- _Aim of the task_
Return the lines below exactly, please, from the one containing "Arnoud på Pinnacle ridge" through the last one, both included, and leave out any pictures.
:: Data provided ::
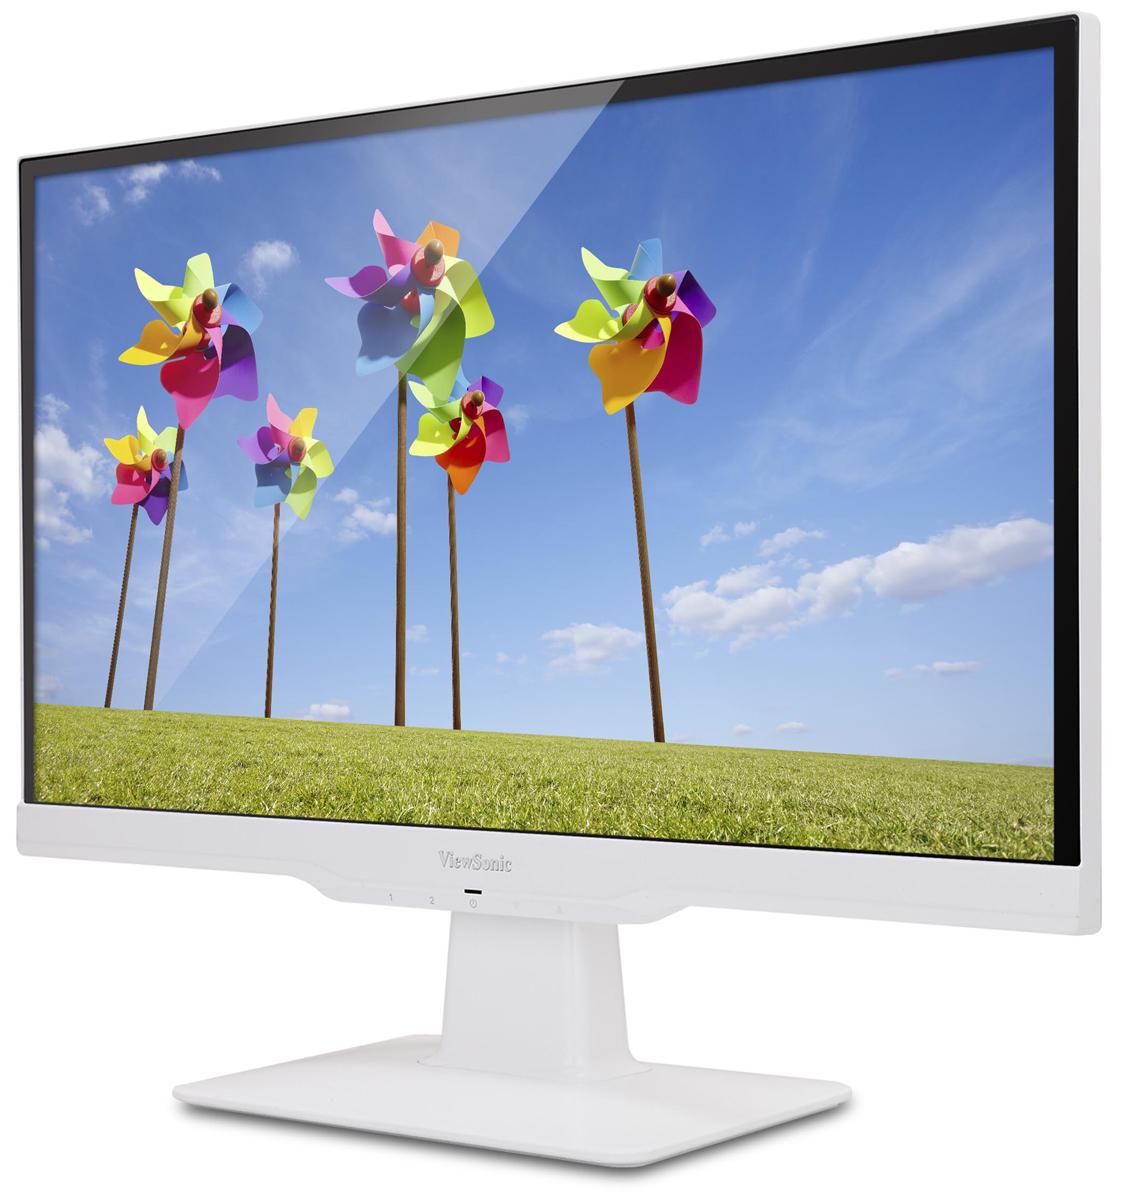 ViewSonic VX2263SMHL, White мониторVS1570122-дюймовый мультимедийный монитор ViewSonic VX2263Smhl Full HD с портами HDMI и MHL/HDMI для подключения различных устройств высокой четкости и мобильных устройств. Технология SuperClear IPS, широкие углы обзора 178 градусов и покрытие 95% цветового пространства sRGB обеспечивают превосходный уровень цветопередачи. Благодаря технологии ClearMotiv со сверхкоротким временем отклика 2 мс (GtG), технологии ViewMode и двум динамикам любители кино и ценители компьютерных игр получат отличное качество звука и изображения. Технологии для защиты глаз Flicker-Free и Blue Light Filter, режим ECO, элегантный ободок без рамки, белое глянцевое покрытие корпуса и крепления, соответствующие стандартам VESA, делают монитор VX2263Smhl превосходным устройством для любого дома или офиса. Технология улучшения изображения SuperClear обеспечивает превосходную цветопередачу и расширяет углы обзора до 178° по горизонтали и по вертикали. Глядя на экран сверху, снизу, прямо или...
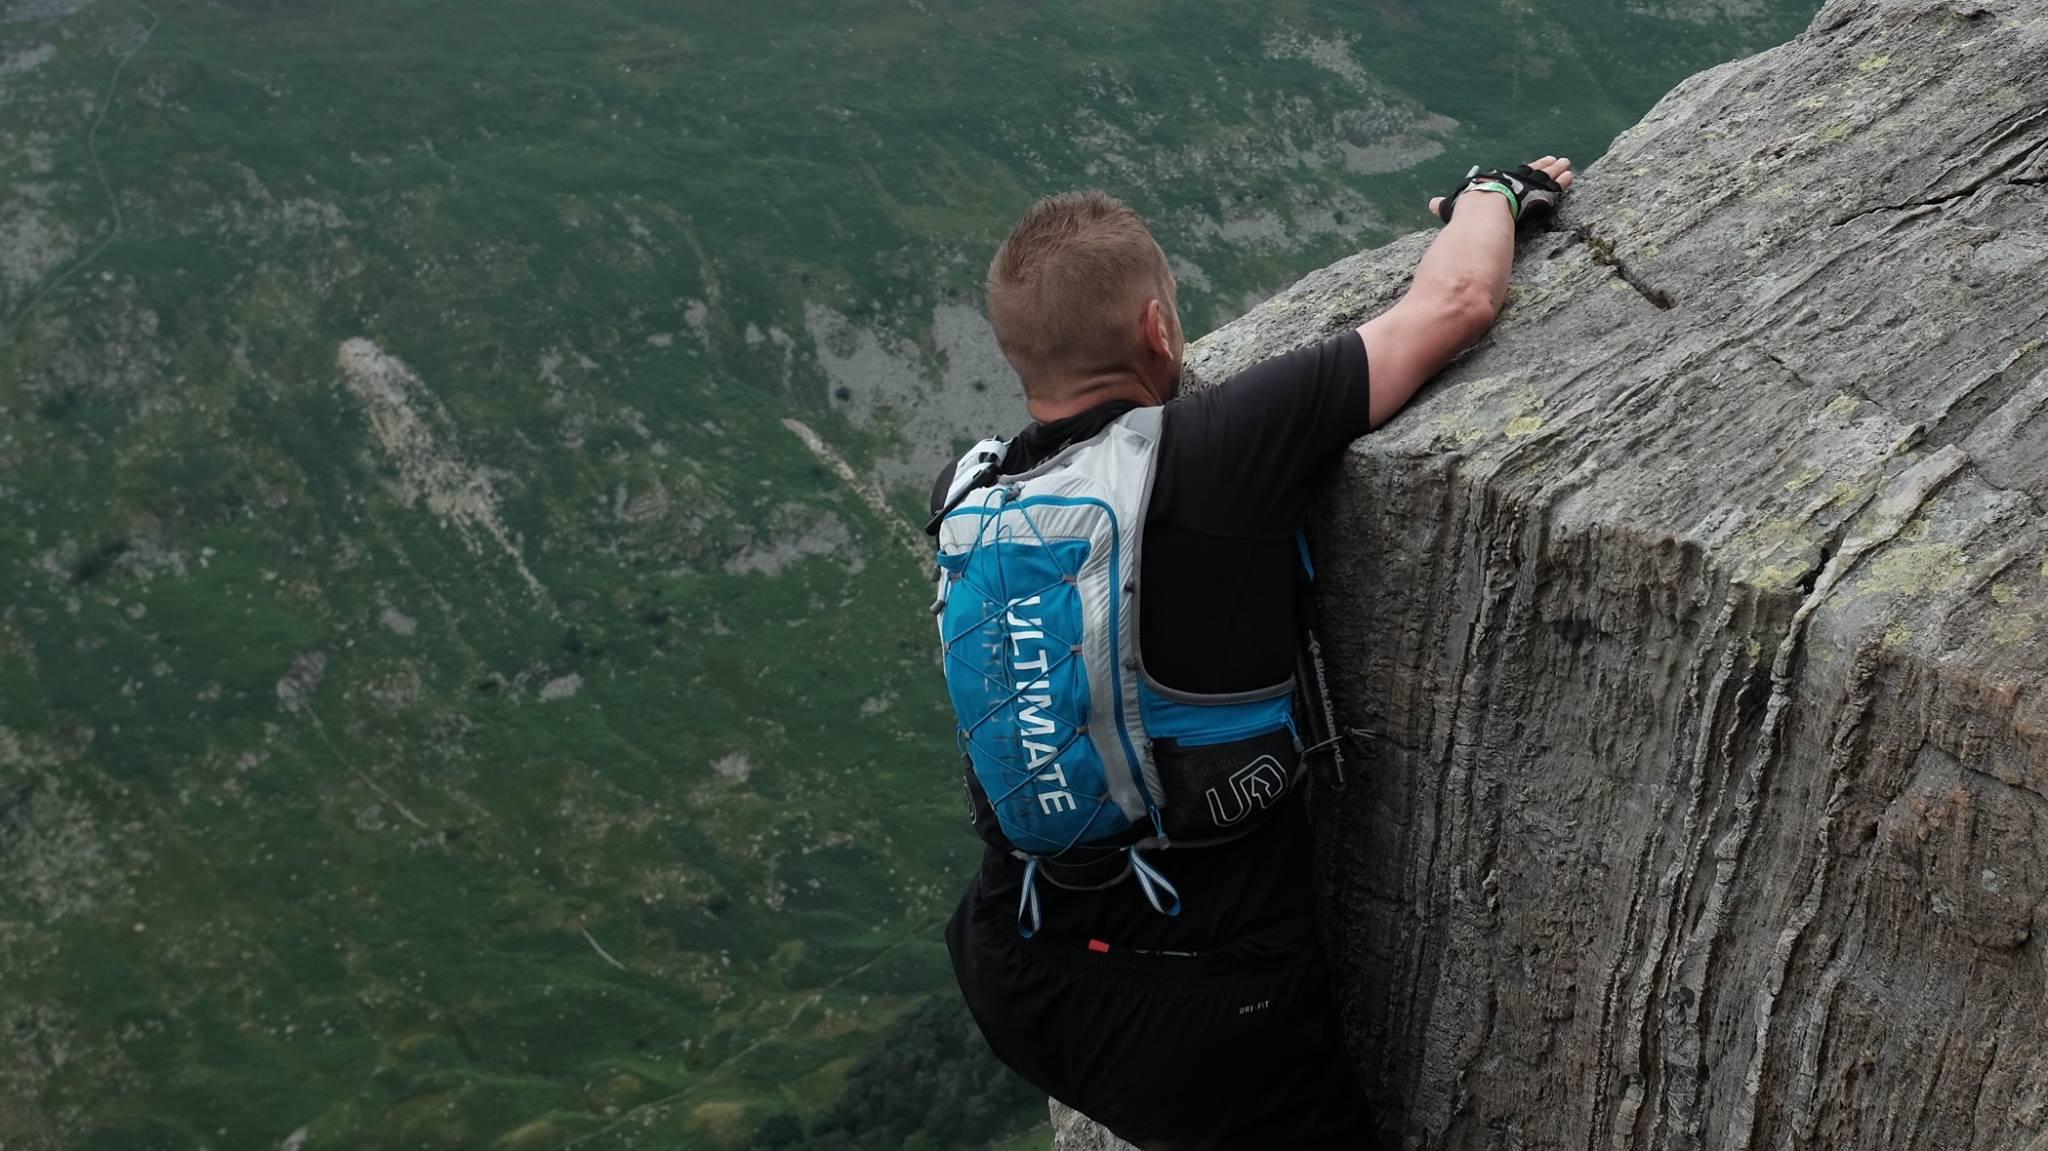 Arnoud på Pinnacle ridge
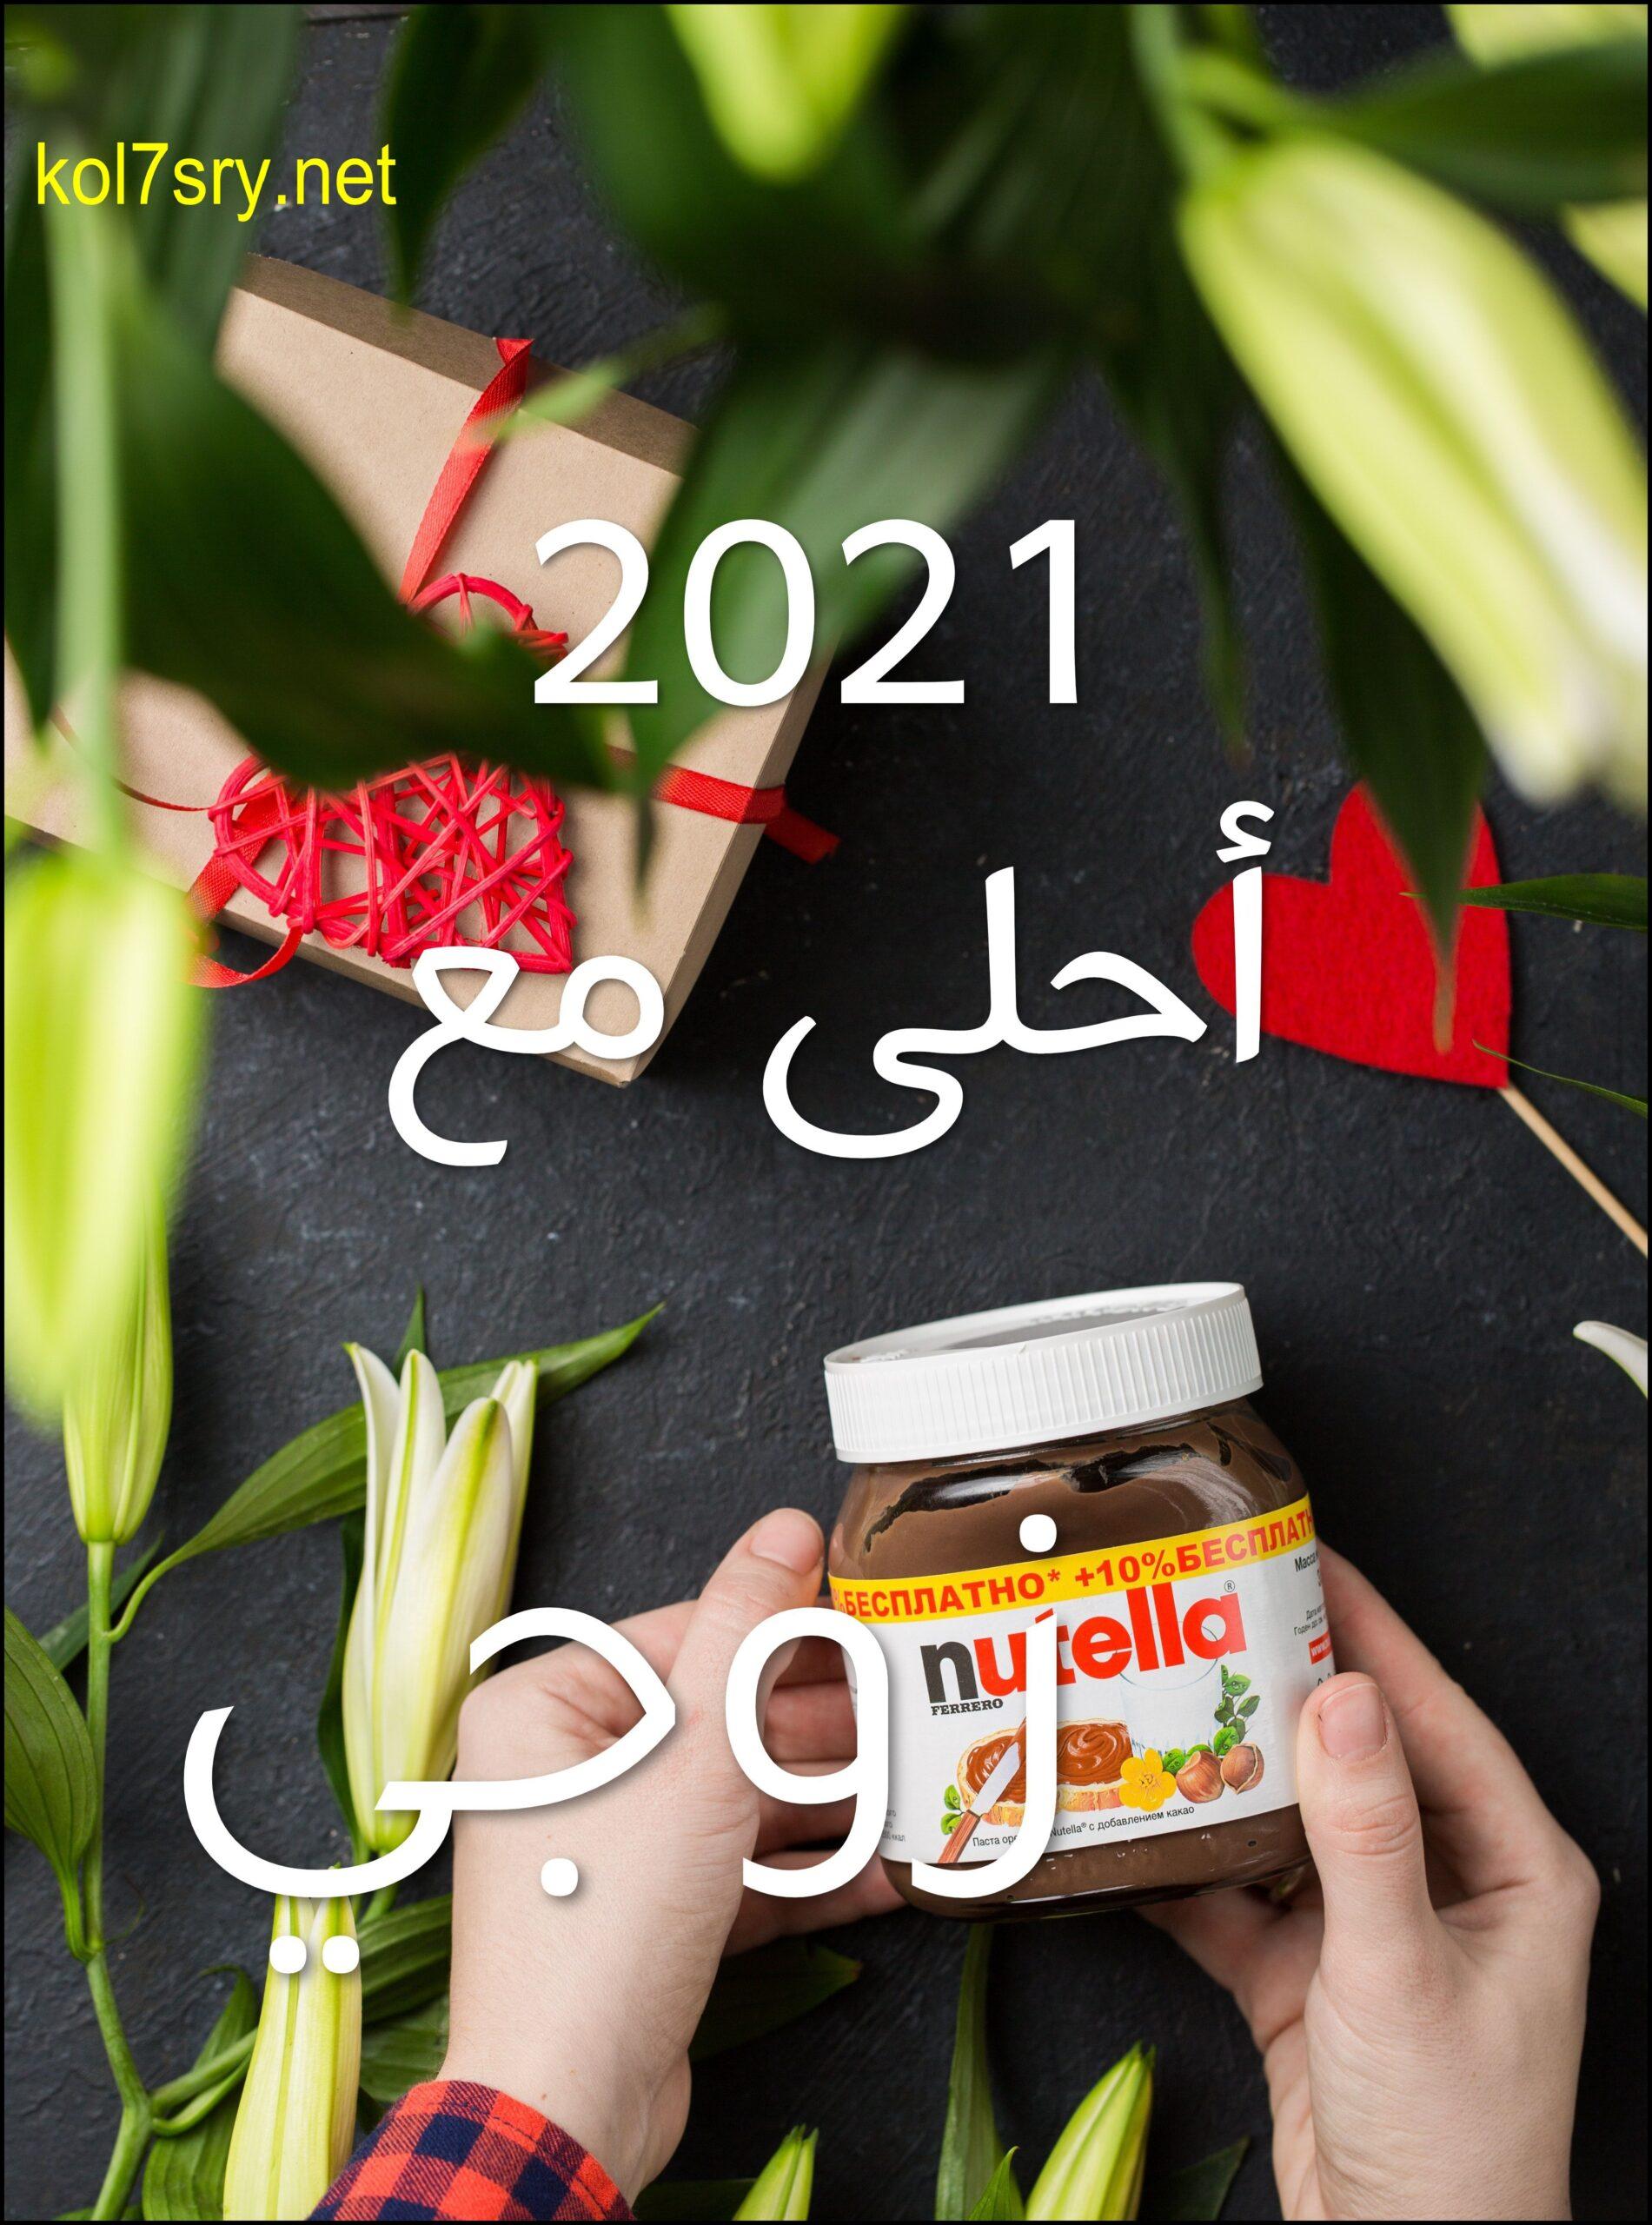 2021 أحلى مع اسمك أجمل 40 صورة HD لعام 2021 احلى مع مجانا اطلب التصميم بالتعليقات 32
:::
- _Your response_
 Arnoud på Pinnacle ridge
 2021 أحلى مع اسمك أجمل 40 صورة HD لعام 2021 احلى مع مجانا اطلب التصميم بالتعليقات 32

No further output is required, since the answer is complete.